The NZD/USD pair is trading in negative territory for the third consecutive day, hovering around 0.5855 during the early Asian session on Friday. The continued strength of the US Dollar, which recently reached fresh highs for 2024, is weighing on the Kiwi. Traders are also awaiting the release of key data later in the day, including the flash US S&P Global Purchasing Managers Index (PMI) and the final Michigan Consumer Sentiment report, which could provide further market direction.
US Department of Labor data released Thursday revealed that Initial Jobless Claims fell to 213,000 for the week ending November 16, down from a revised 219,000 (previously 217,000) the week before and below the anticipated 220,000. The stronger-than-expected data suggests that the US labor market remains robust, bolstering the view that the Federal Reserve (Fed) may be able to achieve a soft landing for the economy.

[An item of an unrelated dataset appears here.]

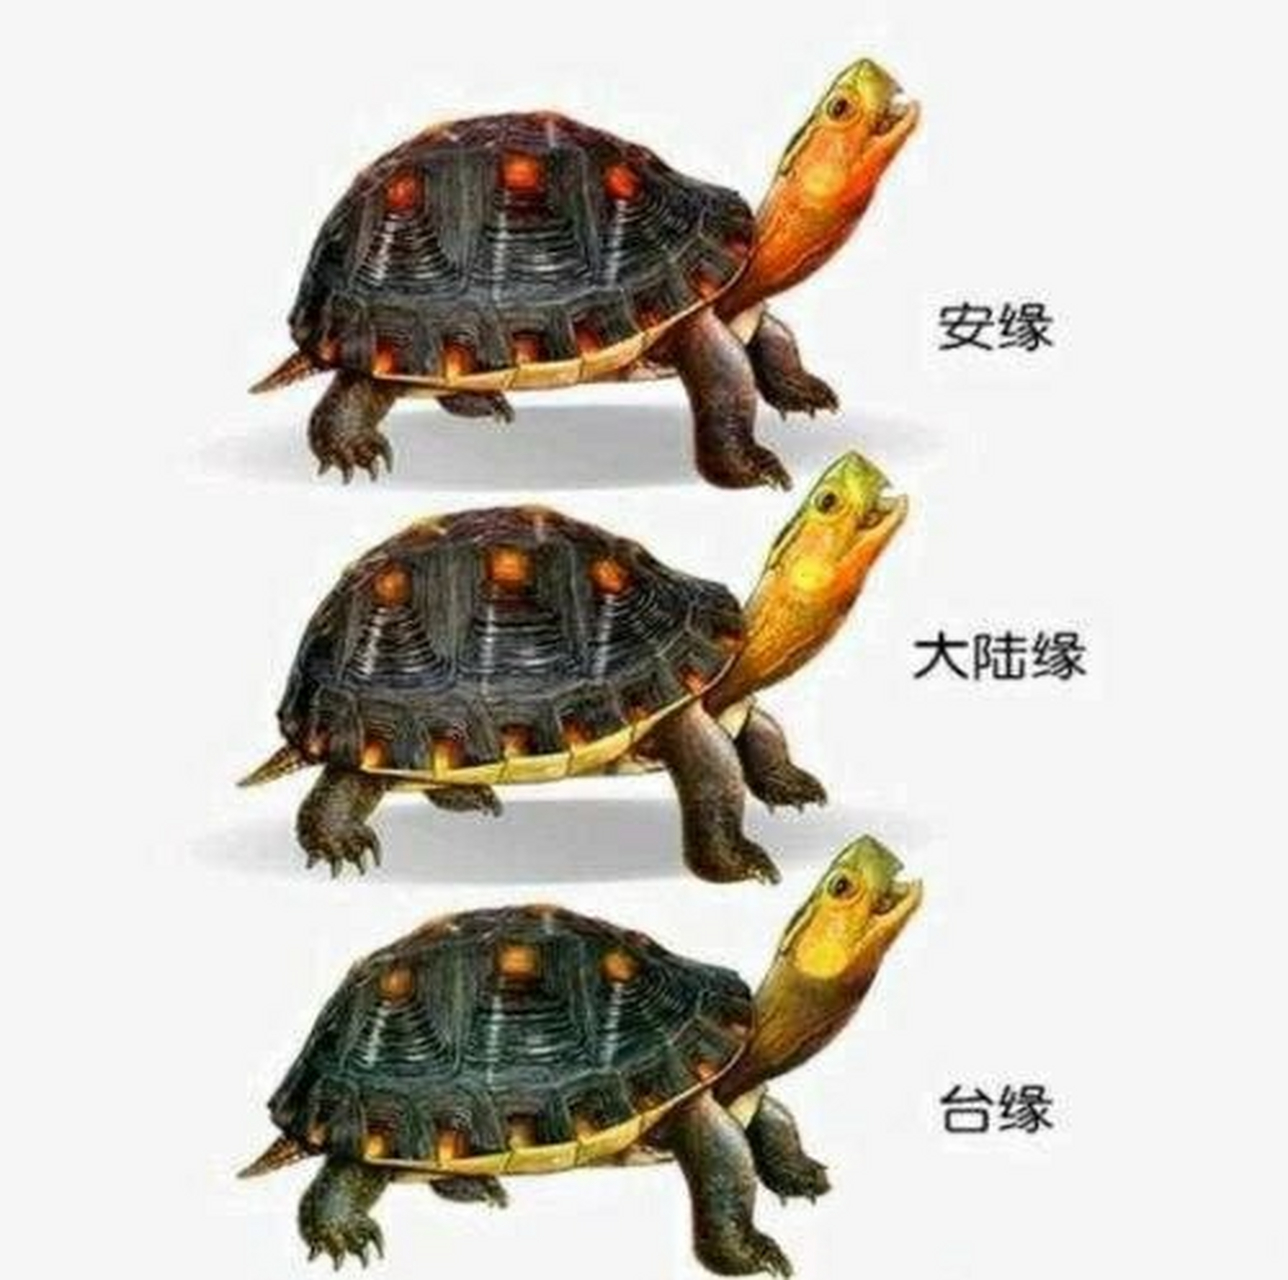 乌龟的种类图解图片

Federal Reserve Chairman Jerome Powell signaled last week that the central bank is not rushing to cut rates, noting that “the economy is not sending any signals that we need to be in a hurry to lower rates.” Additionally, Chicago Fed President Austan Goolsbee indicated on Thursday that the pace of rate cuts may slow, as inflation is expected to ease toward the Fed’s 2% target. This cautious stance continues to support the US Dollar and acts as a headwind for NZD/USD.
Meanwhile, the New Zealand Dollar is under pressure as market participants increase bets that the Reserve Bank of New Zealand (RBNZ) will cut interest rates by 50 basis points (bps) at next week’s meeting. Shannon Nicoll, associate economist at Moody’s Analytics, noted that with New Zealand’s economy growing sluggishly and a weak labor market, a 50 basis point cut, similar to October’s move, seems likely. These expectations could add further downside pressure to the Kiwi in the coming days.